Before defining workloads, I find it best to test my selection criteria again using the process table in Vityl. The resultant process table view confirms that we capture just the processes we want.
Step 3: Set up workloads
After I’ve defined all workloads inside Vityl, I find it very trivial to set these workloads up. To start, I go to the administrative interface on the target server and select “Workload Policy.”
I can select standard features such as adding a new workload set, or I can click on an existing workload to modify it.
Once in the workload set, I can add various workload definitions or modify existing ones.
Once I have all the workloads defined, I simply activate my changes and Vityl applies the new workload definitions to newly collected performance data.
Step 4: Using the workload definitions
Now I can open predefined workload reports in Vityl Capacity Management.
The report shows the CPU utilization broken down into the workloads we defined.
I then can drill back down to the process table and include “workload: Application Workloads” as a field. Then, I click on the new column header and then click “Set.” I get the following report.
Now, I can quickly identify top CPU workload, top I/O workload, etc. Another useful graph I found was the lioch, which is a pre-defined workload report, which allows me to easily identify which workload is responsible for high I/O waits.
Step 5: Capacity Planning and Modeling
These workloads are carried over from one component of Vityl Capacity Management to another for seamless modeling, what-if analysis, and capacity planning. Since these workloads are now discrete objects, I can change the rate of growth on each one independently.
Summary
- Moving Forward: Vityl workloads allow me to reprocess previously collected data into newly defined workloads. With this capability, we will be creating a drill-down process for workload definitions. Right now, we run most workload definitions generically between infrastructure components and major application components. However, if a noticeable change occurs or problem develops in the infrastructure workload, we reprocess the data using different workload definitions to show which technical discipline (system, storage, security, etc) needs to review the issue.

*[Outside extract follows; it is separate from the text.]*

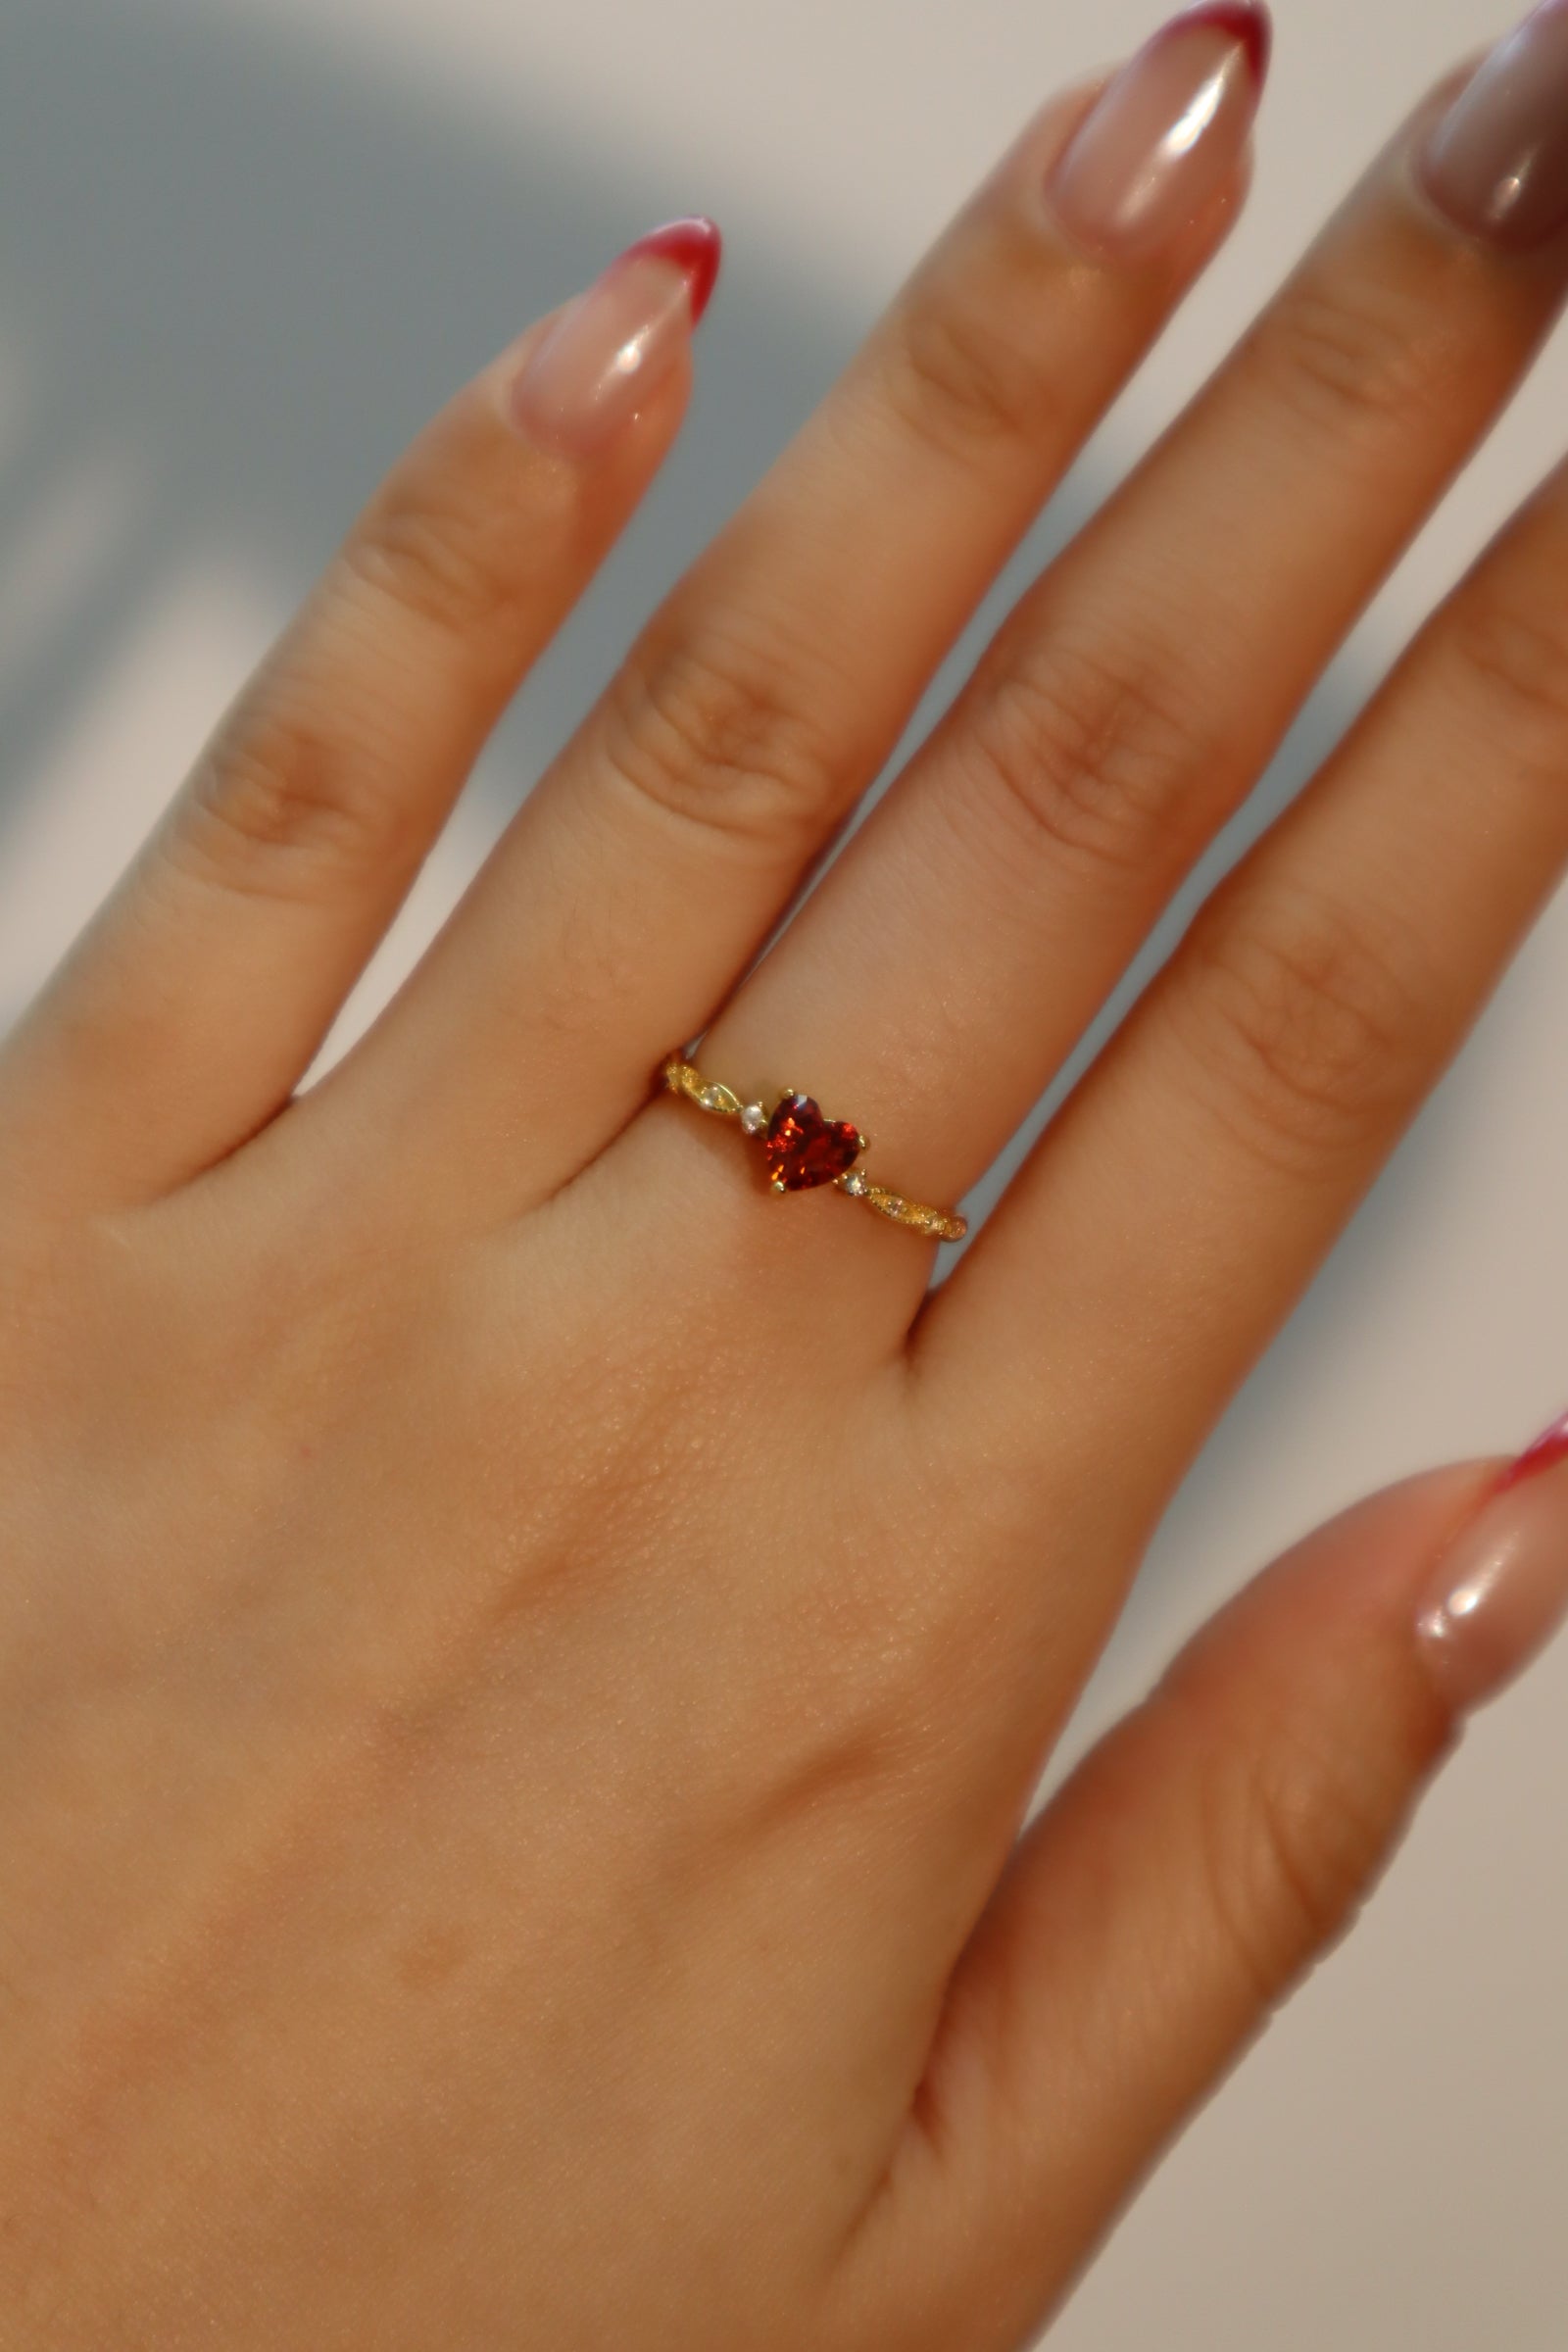 Red Heart Crystal Dainty Red Stone Thumb Romantic Love 18k Gold Plated  Adjustable Ring Jewelry, Gift for Her, Christmas Gift - Etsy | Love ring,  Gold heart ring, Jewelry
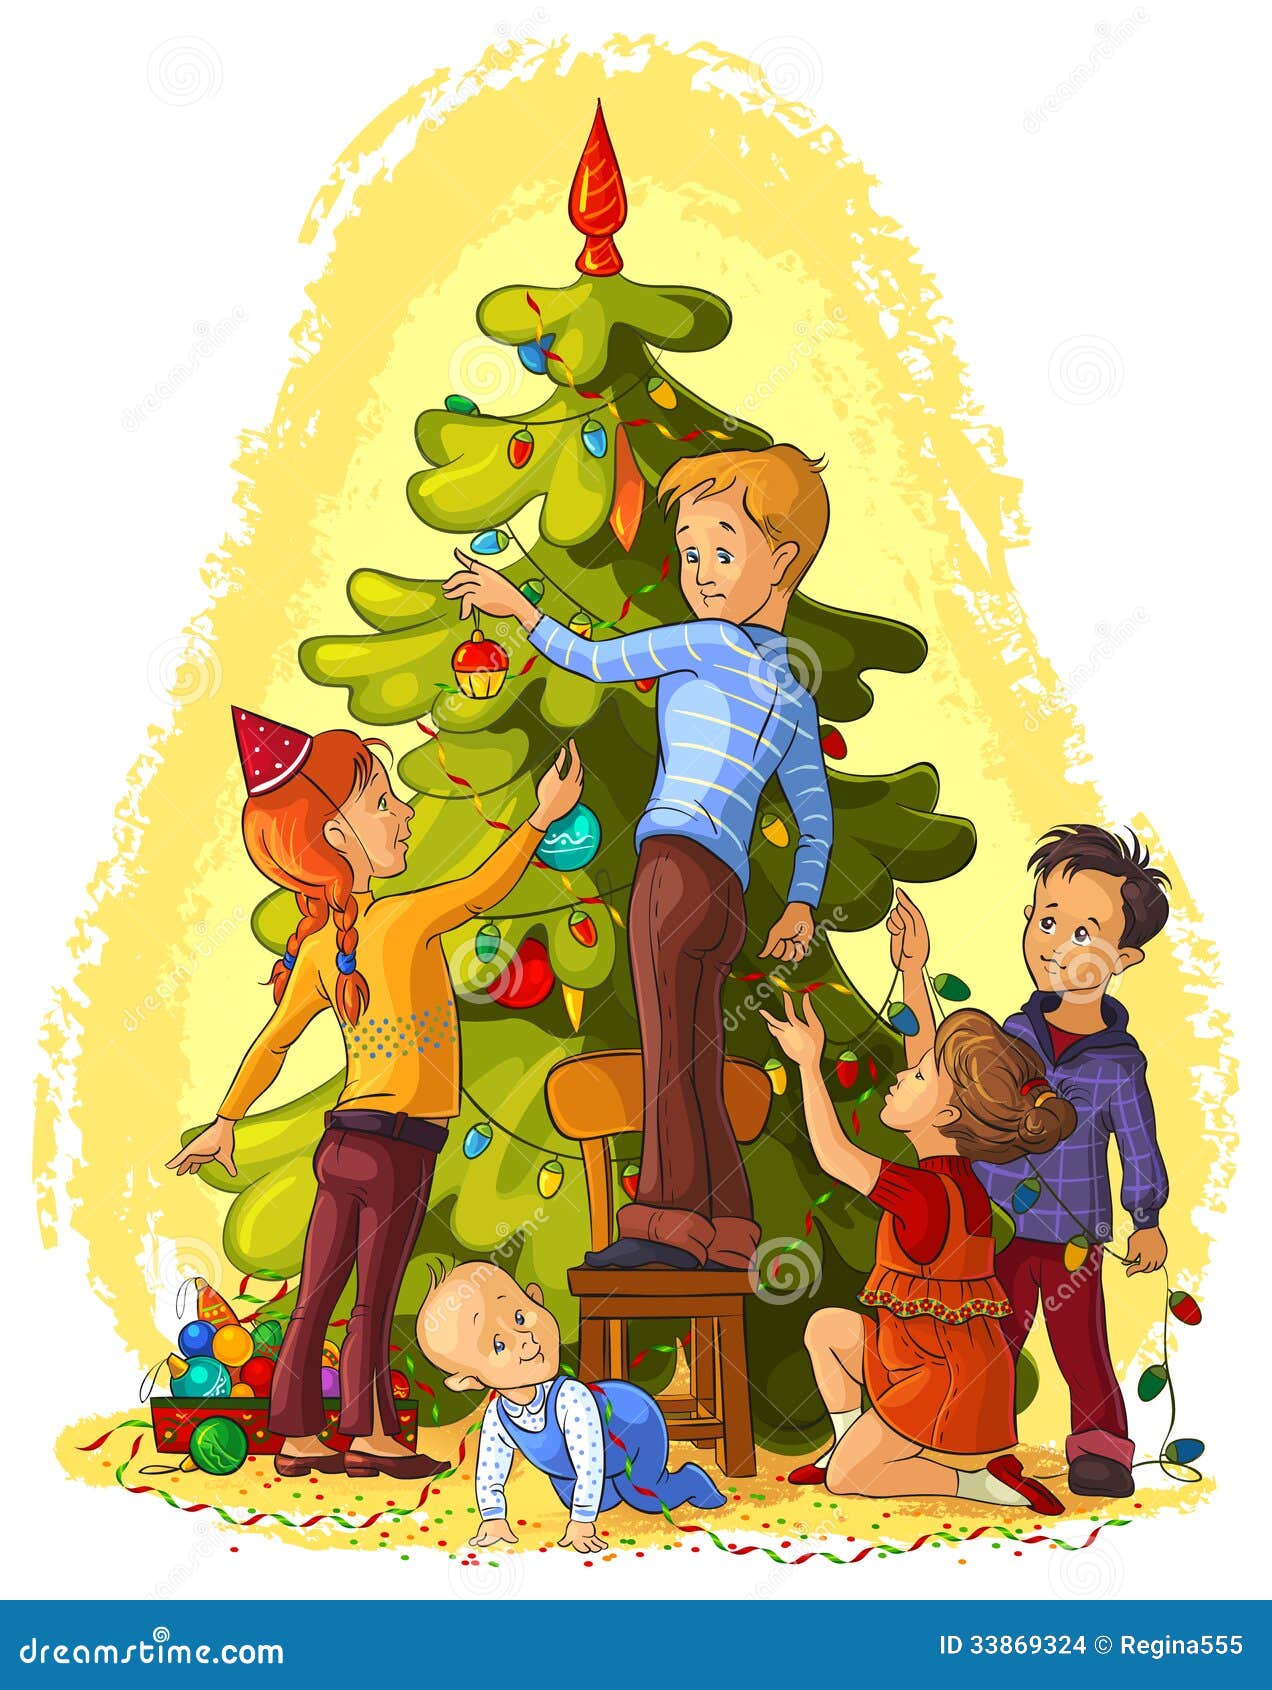 Kids Decorating a Christmas Tree Stock Vector - Illustration of

- Hidden Gem — Input to Chargeback Systems: In order to apply this workload methodology across our server farm, a strong naming convention is needed to identify processes and the workload to which they belong. This can be derived from either the command or fullcmd fields. Once the naming convention is in place, we can use the performance data as input to our chargeback system because we will be able to identify which application is driving resource utilization on a given server where multiple applications share a common server.
- Conclusions: Strong workload analysis is key to solving business issues in performance analysis, capacity planning and chargeback. The ease of use and flexibility of TeamQuest software help solve these key issues effortlessly. The key differentiators with TeamQuest that I have found are:
- Ease of use – All of the above outlined steps worked the first time I tried them and I did not have to call TeamQuest Support for even so much as a clarification question. It is extremely easy to implement and very intuitive.
- Flexibility – The ability to post process data so that multiple workloads can be applied against the same data is key in that you never know which workload you may need to subdivide to resolve business issues.
I have tried other performance data collection software and have found the workload classification process in those products so cumbersome and inflexible that we abandoned its use.